Despite how Bardem has built on these winning precedents, EW’s Oscar expert Anthony Breznican confirms the actor’s name is not in the mix for 2013. Yet. Then again, Bond rarely gets Oscar love. Case in point, over 22 films and 50 years, the franchise has received a total of seven nominations – all relegated either to technical categories or for theme songs (related note to Academy voters: Adele!). Whittling down the odds even more, Bond’s seven nods have produced only two wins – for sound effects in 1964’s Goldfinger and for Thunderball’s visual effects the next year. (It’s worth noting that both of those films ranked in the top 5 of EW’s comprehensive Bond ranker.)
More to the point, though, not one of Bond’s 10 installments since 1982 has received Academy recognition. And can you blame them given the options? From the Cold War camp of the Timothy Dalton years to the Pierce Bronson-era nosedive into absurd gadgetry (really with the invisible car?!), those films were awards season nonstarters. Though my colleague Darren Franich implores you to reconsider Die Another Day, I’m going to have to respectfully agree with Oscar on this one – as well as on the decision not to acknowledge that cacophonous monstrosity Jack White and Alicia Key threw together for Quantum of Solace.
Still, Skyfall is without a doubt one of the most thrilling films in Bond history. It presents a real opportunity to reinvigorate the franchise, fortify its critical legitimacy, and set the world’s most famous super spy up for another 50 years. Much of that credit goes to Sam Mendes’ elegant direction and the screenwriting trio of Neal Purvis, Robert Wade, and John Logan. With all due respect to Craig, the smartest decision Mendes and his team made was to zoom out from Bond and pivot Skyfall on Silva. This shift gave Bond a chance to breathe, opened up an unexpected window into the series’ soul, and most importantly gave us all the chance to watch a master class from Bardem. In this sequel-dominated moment in film history, it’s unexpected, exceptional, and exhilarating to find this caliber performance in a legitimate blockbuster.

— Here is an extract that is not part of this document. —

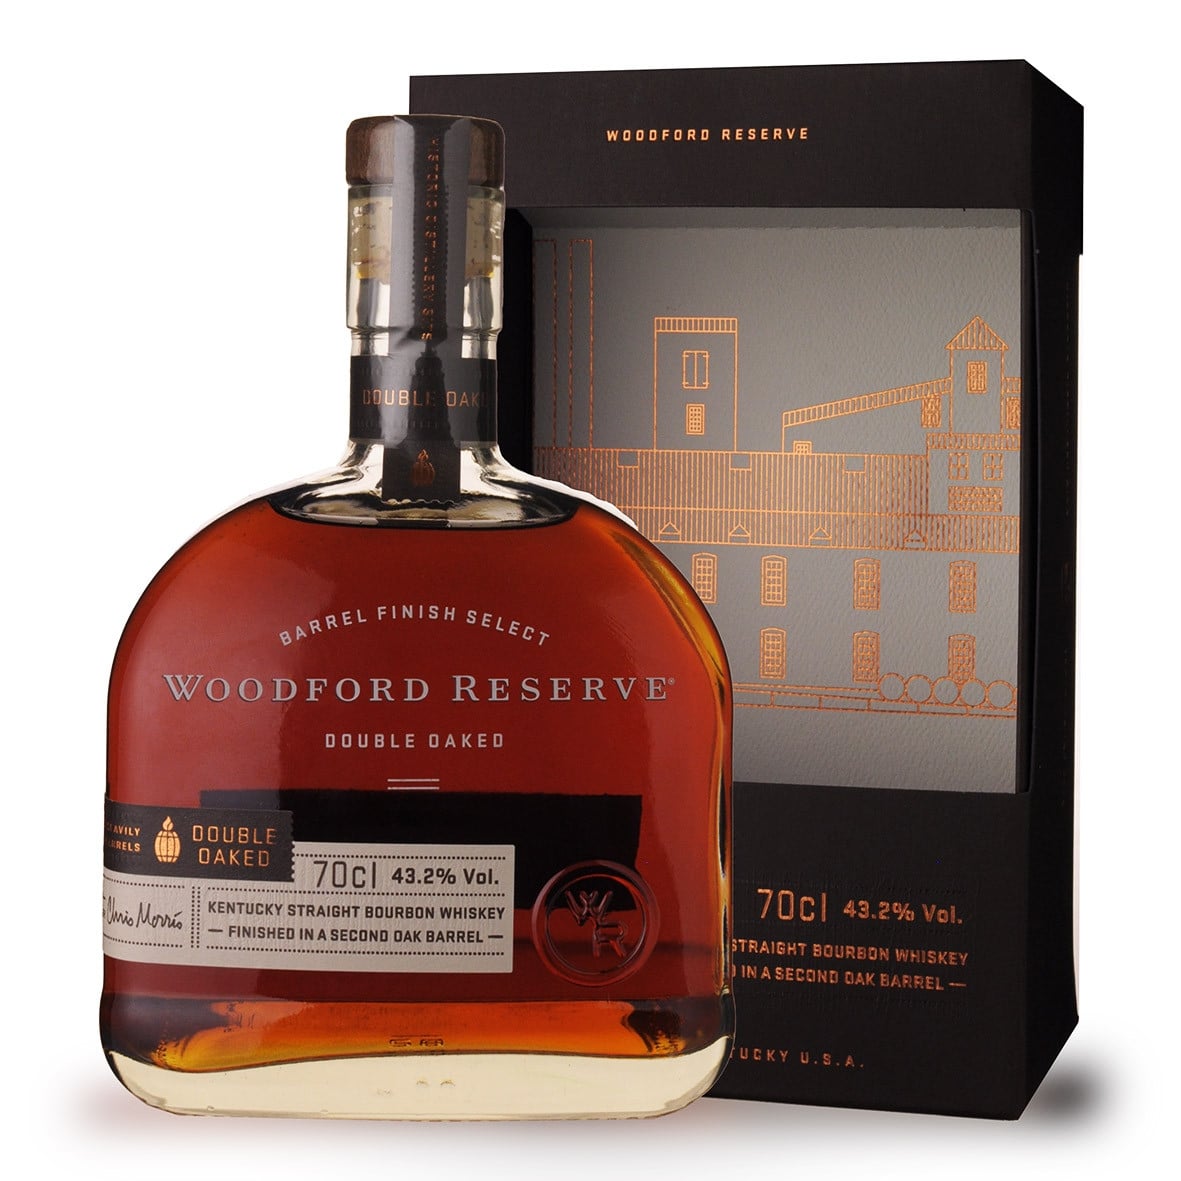 Achat de Whisky Woodford Reserve Double Oaked 70cl vendu en Etui sur ...

So, when Oscar nominations are announced Jan. 10, it’s admittedly unlikely that the man behind Silva will see his name next to fellow previous winners Philip Seymour Hoffman, Robert De Niro, and Tommy Lee Jones. But if any actor has a shot at bringing Bond to the Dolby Theatre, it will and should be Bardem.
Editor’s Note: An earlier version of this article listed Django Unchained’s Christoph Waltz as a contender for Best Supporting Actor; it was recently announced that Waltz will compete for Actor in a Leading Role.